On Mon, Aug 04, 2025 at 10:12:15AM +0200, Jiri Olsa wrote:
> On Sat, Aug 02, 2025 at 12:34:27PM +0200, Oleg Nesterov wrote:
> > On 08/01, Jiri Olsa wrote:
> > >
> > > If uprobe handler changes instruction pointer we still execute single
> > > step) or emulate the original instruction and increment the (new) ip
> > > with its length.
> >
> > Yes... but what if we there are multiple consumers? The 1st one changes
> > instruction_pointer, the next is unaware. Or it may change regs->ip too...
>
> right, and I think that's already bad in current code
>
> how about we dd flag to the consumer that ensures it's the only consumer
> on the uprobe.. and we would skip original instruction execution for such
> uprobe if its consumer changes the regs->ip.. I'll try to come up with the
> patch
how about something like below?
jirka
---
diff --git a/include/linux/uprobes.h b/include/linux/uprobes.h
index 516217c39094..b2c49a2d5468 100644
--- a/include/linux/uprobes.h
+++ b/include/linux/uprobes.h
@@ -59,6 +59,7 @@ struct uprobe_consumer {
struct list_head cons_node;
__u64 id; /* set when uprobe_consumer is registered */
+ bool is_unique; /* the only consumer on uprobe */
};
#ifdef CONFIG_UPROBES
diff --git a/kernel/events/uprobes.c b/kernel/events/uprobes.c
index f774367c8e71..b317f9fbbf5c 100644
--- a/kernel/events/uprobes.c
+++ b/kernel/events/uprobes.c
@@ -1014,14 +1014,32 @@ static struct uprobe *alloc_uprobe(struct inode *inode, loff_t offset,
return uprobe;
}
-static void consumer_add(struct uprobe *uprobe, struct uprobe_consumer *uc)

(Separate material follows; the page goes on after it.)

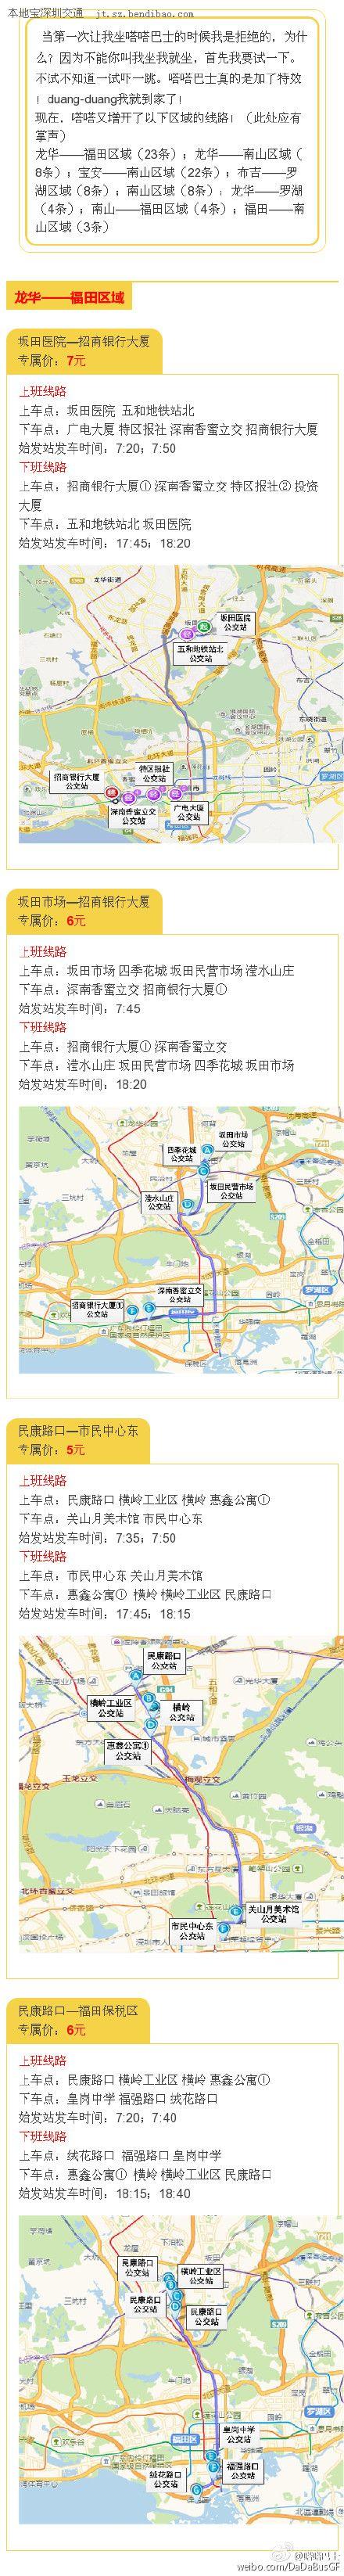 深圳嗒嗒巴士路线查询 嗒嗒巴士深圳已开通线路一览

+static bool consumer_can_add(struct list_head *head, struct uprobe_consumer *uc)
+{
+ /* there's no consumer, free to add one */
+ if (list_empty(head))
+ return true;
+ /* uprobe has consumer(s), can't add unique one */
+ if (uc->is_unique)
+ return false;
+ /* uprobe has consumer(s), we can add one only if it's not unique consumer */
+ return !list_first_entry(head, struct uprobe_consumer, cons_node)->is_unique;
+}
+
+static int consumer_add(struct uprobe *uprobe, struct uprobe_consumer *uc)
{
static atomic64_t id;
+ int ret = -EBUSY;
down_write(&uprobe->consumer_rwsem);
+ if (!consumer_can_add(&uprobe->consumers, uc))
+ goto unlock;
list_add_rcu(&uc->cons_node, &uprobe->consumers);
uc->id = (__u64) atomic64_inc_return(&id);
+ ret = 0;
+unlock:
up_write(&uprobe->consumer_rwsem);
+ return ret;
}
/*
@@ -1410,7 +1428,12 @@ struct uprobe *uprobe_register(struct inode *inode,
return uprobe;
down_write(&uprobe->register_rwsem);
- consumer_add(uprobe, uc);
+ ret = consumer_add(uprobe, uc);
+ if (ret) {
+ put_uprobe(uprobe);
+ up_write(&uprobe->register_rwsem);
+ return ERR_PTR(ret);
+ }
ret = register_for_each_vma(uprobe, uc);
up_write(&uprobe->register_rwsem);
@@ -2522,7 +2545,7 @@ static bool ignore_ret_handler(int rc)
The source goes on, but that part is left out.